Liveblog: BRDI: Discussion with Sponsors

I’m liveblogging the first meeting of the new Board on Research Data and Information today and tomorrow, and will be liveblogging. Standard liveblogging disclaimers apply. The presentation slides are on the meeting site. Because the slides are online, I’ll focus on what’s not on the slides.

National Science Foundation
Edward Seidel

Data-driven collaborations for complex problems: Affecting every field of science
Science and society being transformed by cyberinfrastructure and data-driven approaches (e.g. Pampers simulating diapers) — cf. Wired, “The End of Science”

NSF vision: national, integrated system to enable new paradigms of science
1. virtual organizations for distributed communities
2. high performance computing (what do we do with the data?)
3. data visualization / interaction
4. education & workforce

any cogent plan must address the phenomenal growth of data in all directions

goal: catalyze development of a system of collections that’s open, extensible, and evolvable; support development of new tools and services
national digital data framework, integrate with national CI

how to build data-driven science? methodologies, culture, education, working cross-disciplines
technological and economic issues: how do we do it? how do we pay for it?
open access: data, software, publications — we need to change the paradigm

rough plan: fill out holes in current CI; workforce development; bring in computation science; new problems: new groups to attach complex problems

Lucy Nowell

current NSF policy on data management is vague — no real consequences. goal: provide for clear, effective, transparent implementation.
concern: if we require sharing, we could damage the science. not everyone within NSF agrees on open data.

data sharing required for replicability and thus integrity of science
we need to accelerate the pace of science to deal with 21st century challenges — “we can’t afford cottage science anymore”

we’re now producing data faster than we can score it
related projects: long-lived repositories project by Bernard Reilly of Center for Research Libraries; Blue Ribbon Task Force on Sustainable Digital Preservation and Access
DataNet: achieve long-term preservation and access with systems that are economically and technologically sustainable

new international task force on data preservation and access? potential first meeting at OR meeting in May 2009

Sylvia Spangler

critical role of BRDI: act as conduit for encouraging National Academies to actively address these issues

Q: What can this group say when NSF program officers tell us that our science will die if we have to share data?
A: Nowell: When the community owns this, then the program officers who stand in the way will find themselves overwhelmed.

Q: Mike Carroll: Is the choice completely open vs. completely closed?

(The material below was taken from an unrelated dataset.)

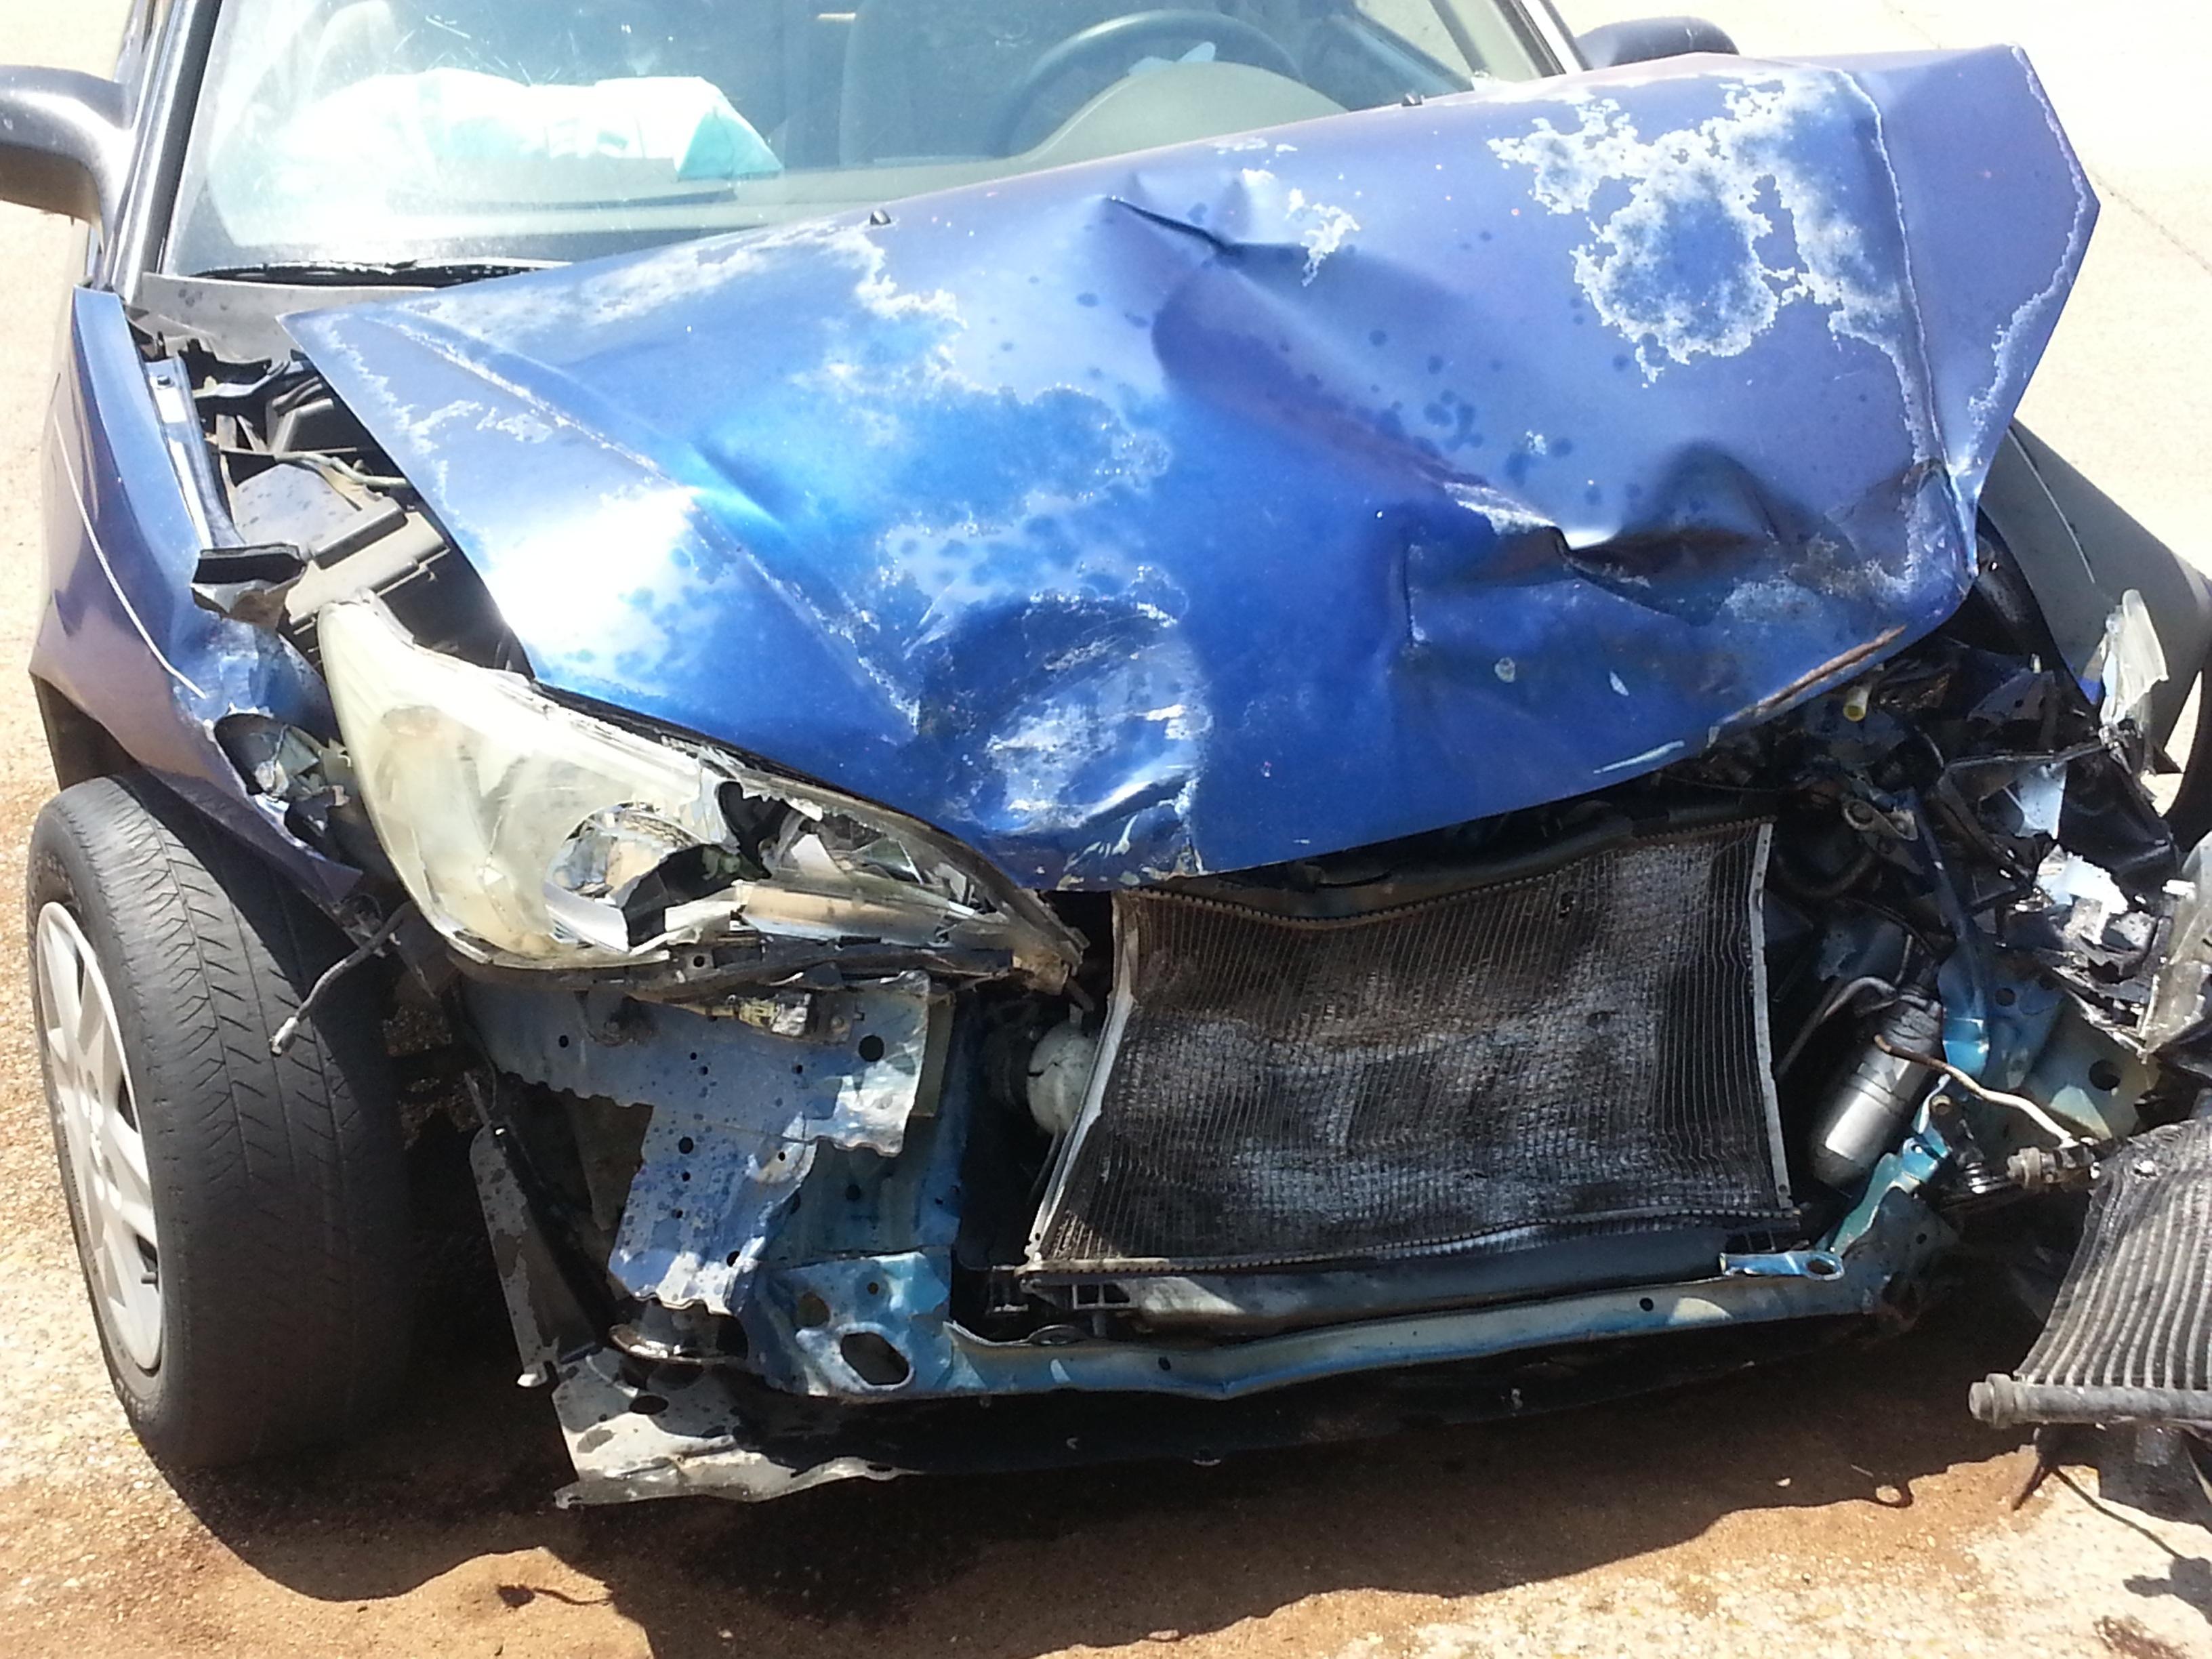 Free Images : traffic, wheel, window, crash, sports car, bumper ...

Can we have deposit requirements with limited or delayed access?
A: Nowell: There’s a lot of issues — from data on human subjects data, to classified data, issues of data curation.

National Institutes of Health
Elliot Siegel of National Library of Medicine

[P.S. room is overcapacity -- nice that there's interest here]

Data Sharing policy: if you get more than $0.5m, your proposal must include a plan for making data available to other researchers or explain why you can’t
also Public Access Policy, GWAS Policy (must submit de-identified data to dbGaP), Clinical Trials Registration and Results Reporting

unique aspects of biomedical data: wide range of uses (clinical and research) and users, privacy

topics of interest:
how to recognize and reward data sharing by researchers
how to embed informatics/data sharing in training
development of a research agenda for managing scientific data and information
promote effective approaches for data sharing

Q: Cathy Wu: Consideration: collaboration with different sectors. Policy issues with EHRs.
A: Collaboration is being promoted by HHS — will be interesting to see how this plays out.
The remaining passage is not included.